Task prompt » In the material below, pictures must be dropped. Repeat exactly, and only, the lines from the line with "smart speaker brand statistic" to the line with "df18f8963c Tommy Hilfiger", both ends included.

Exercise material below:

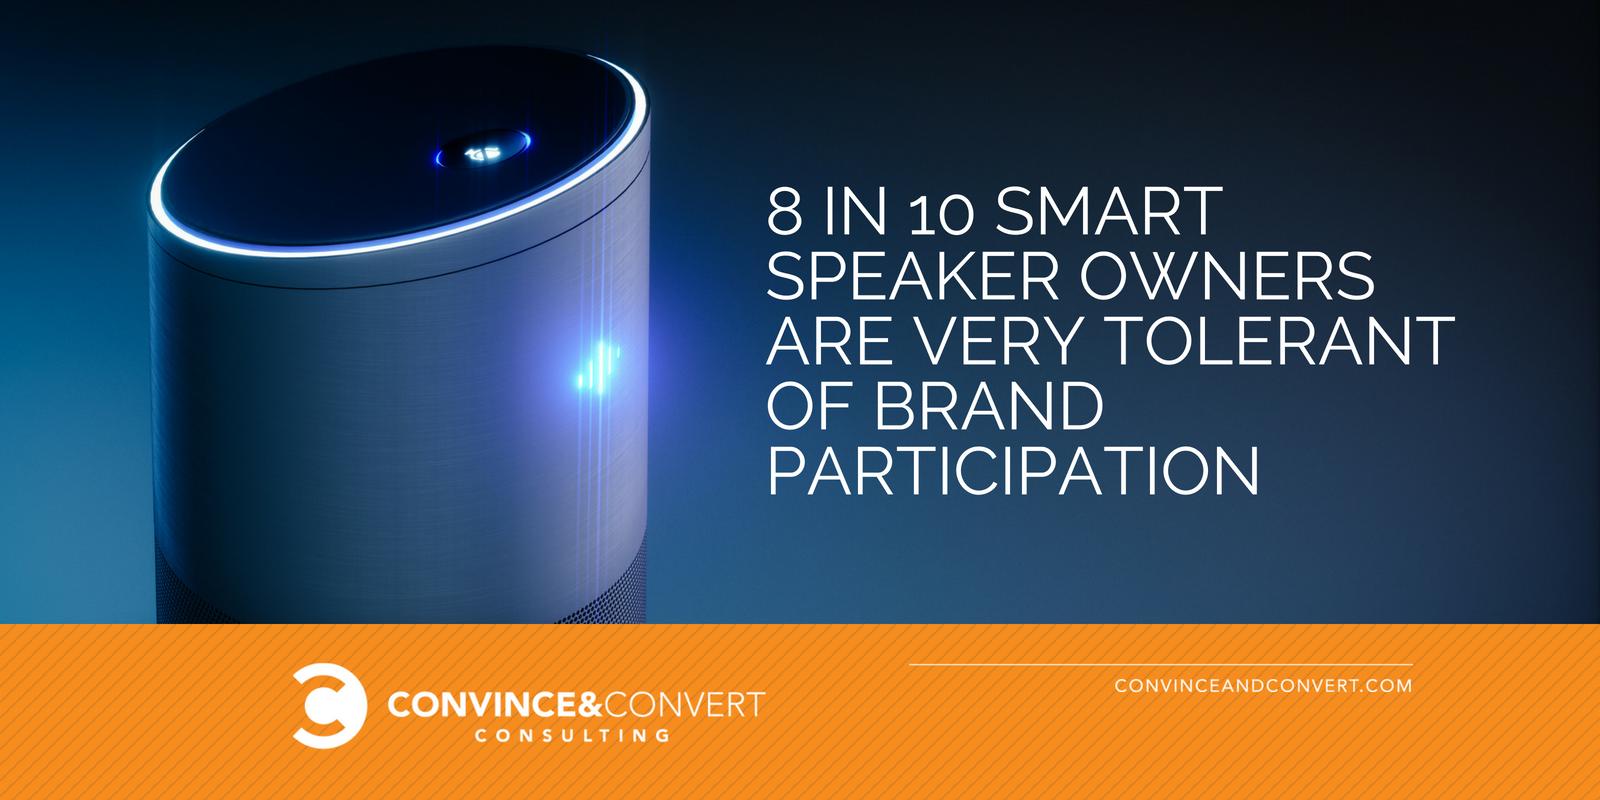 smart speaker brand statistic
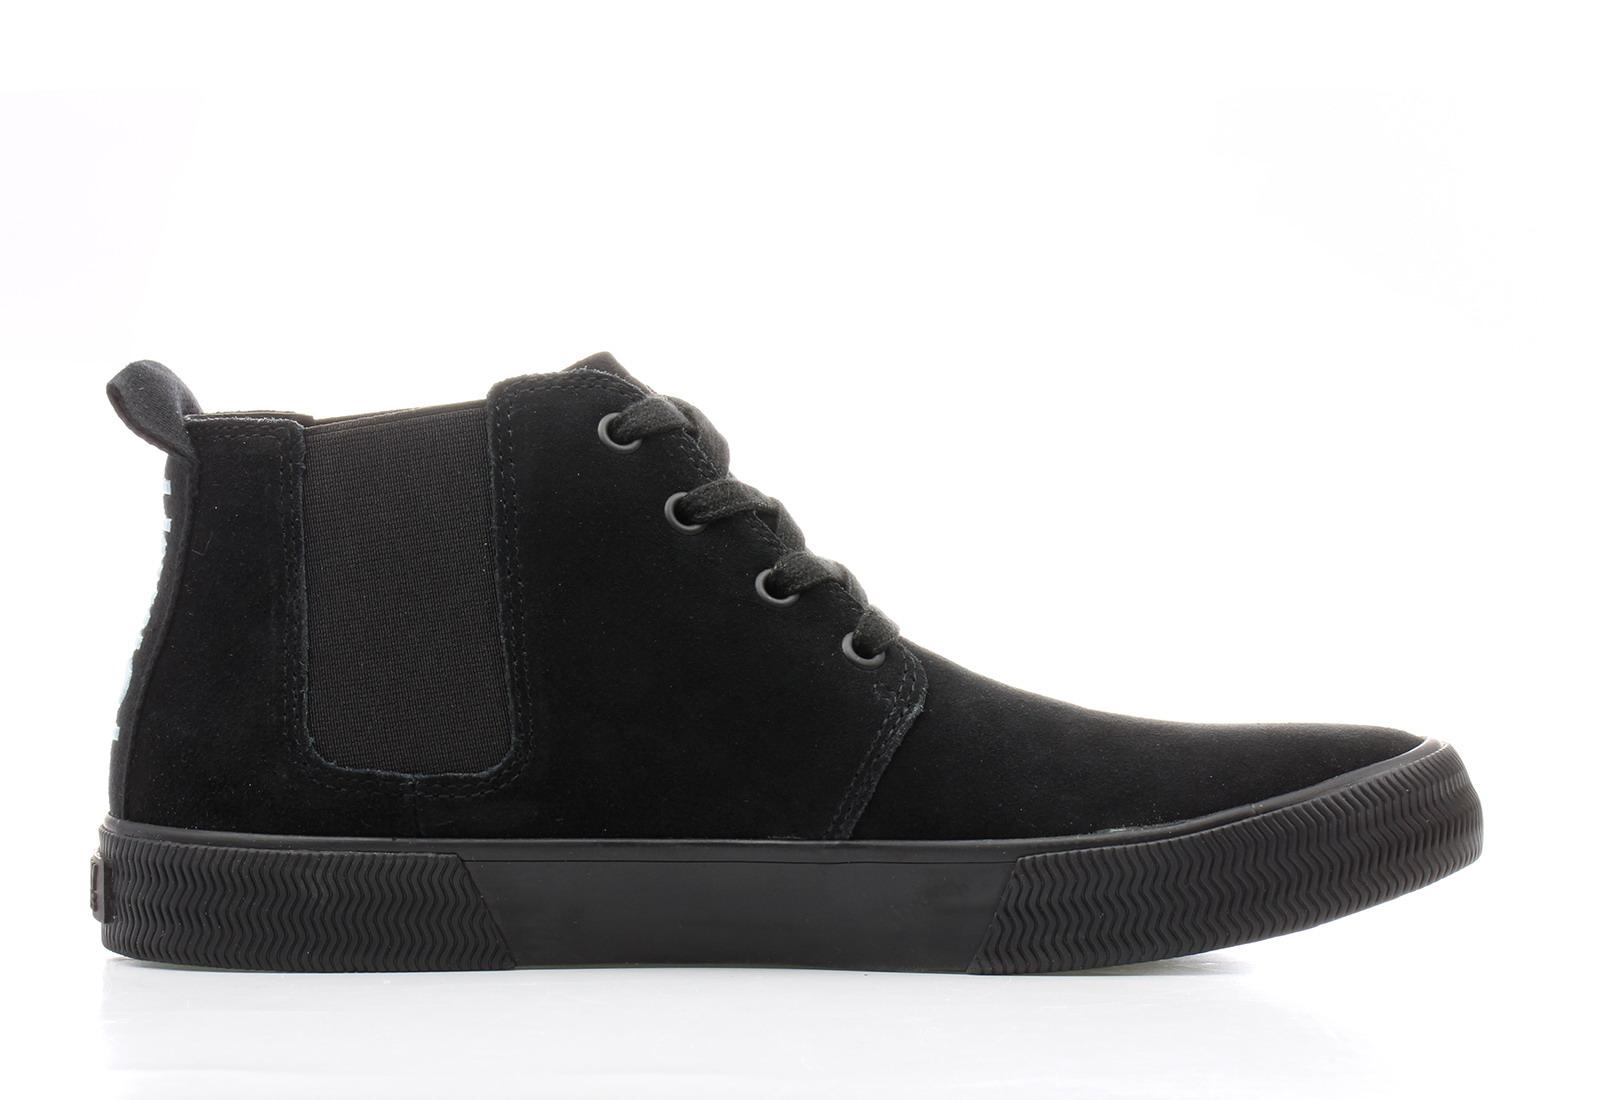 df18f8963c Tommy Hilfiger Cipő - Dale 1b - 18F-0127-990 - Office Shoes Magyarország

End of Exercise material.
Exercise material below:

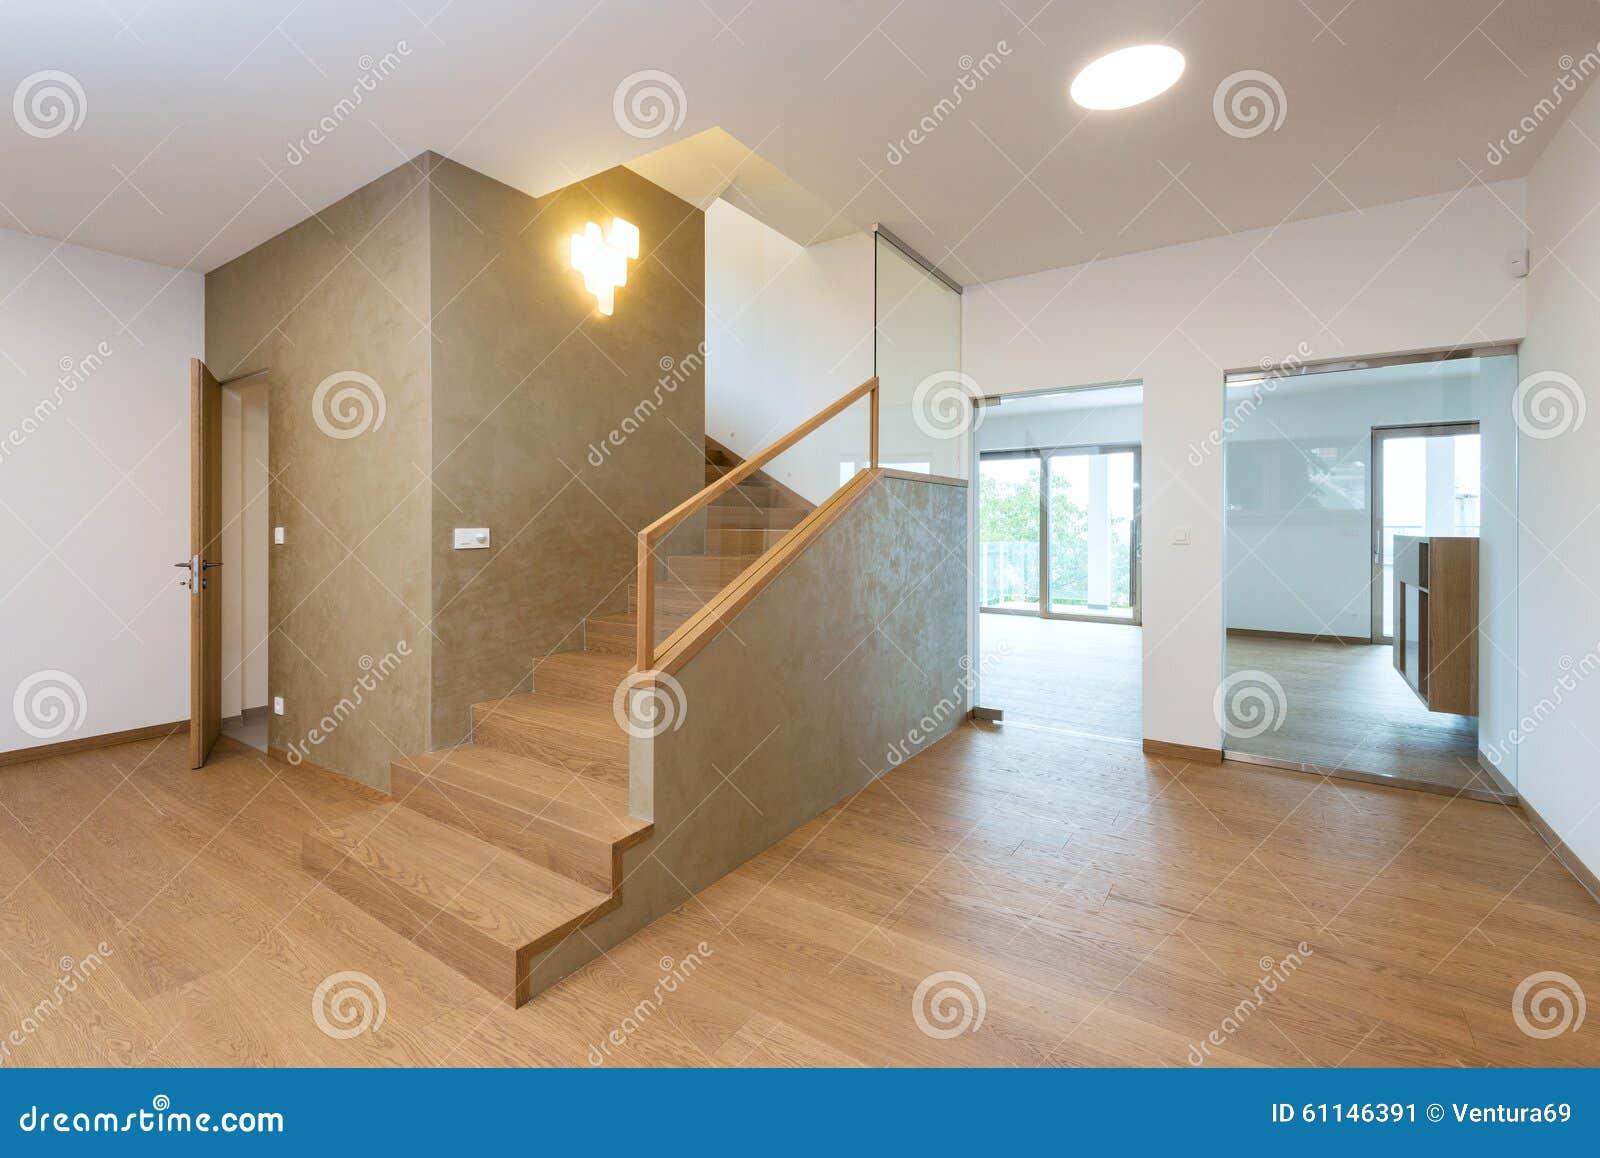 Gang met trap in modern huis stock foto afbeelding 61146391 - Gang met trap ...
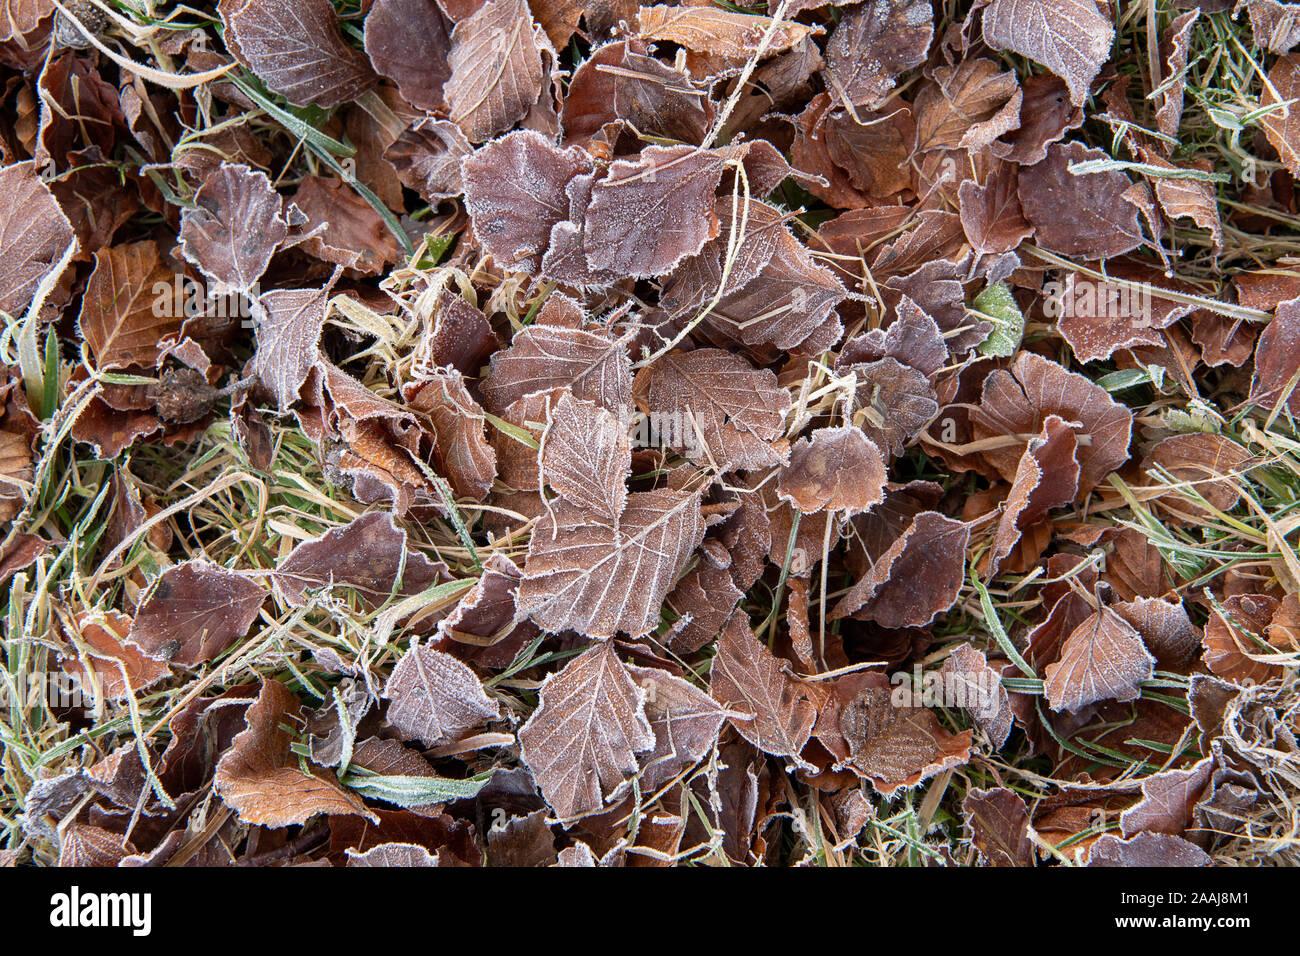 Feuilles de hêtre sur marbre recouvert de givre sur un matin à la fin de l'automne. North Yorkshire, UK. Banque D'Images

End of Exercise material.
Exercise material below:

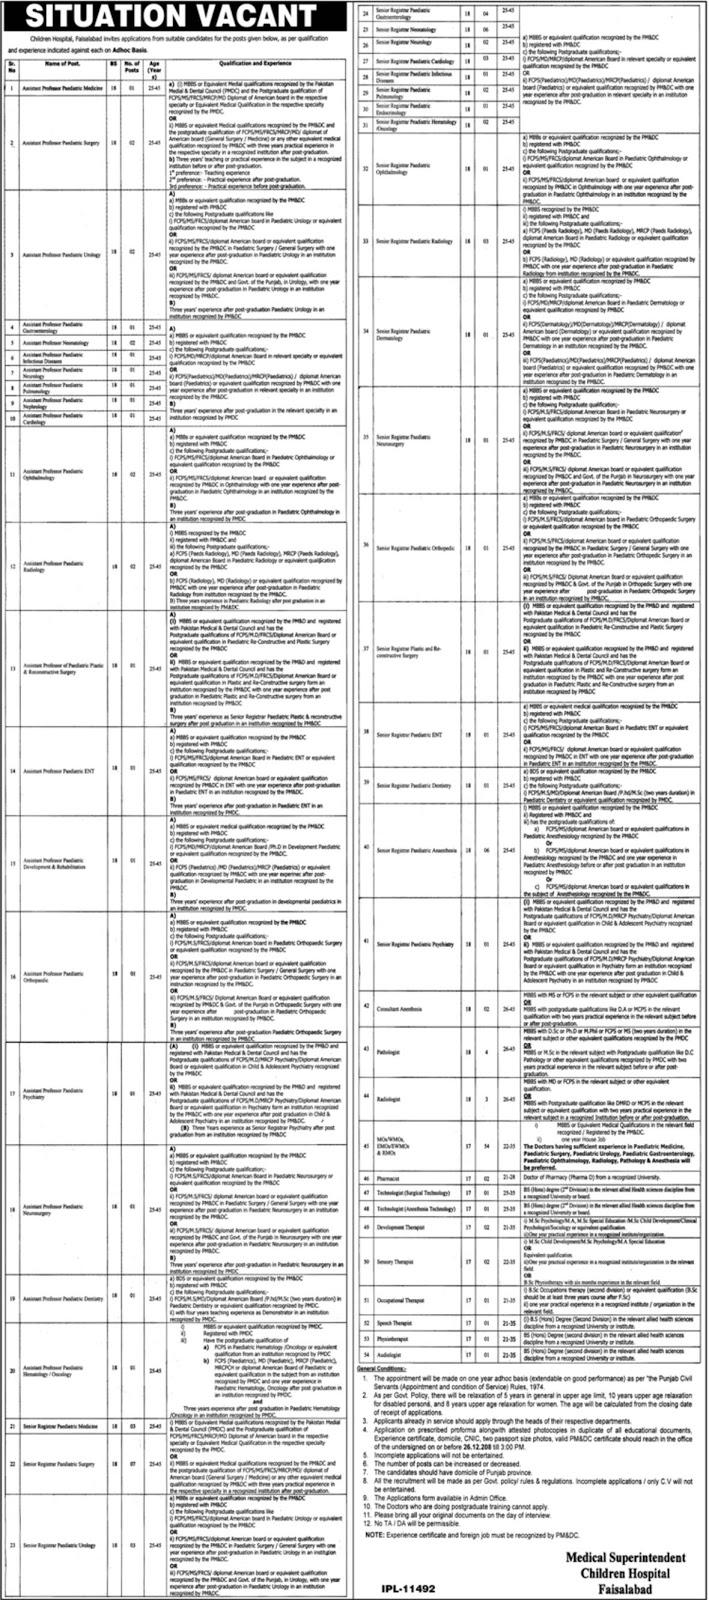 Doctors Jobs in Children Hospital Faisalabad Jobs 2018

End of Exercise material.

Written solution »
 smart speaker brand statistic
 df18f8963c Tommy Hilfiger Cipő - Dale 1b - 18F-0127-990 - Office Shoes Magyarország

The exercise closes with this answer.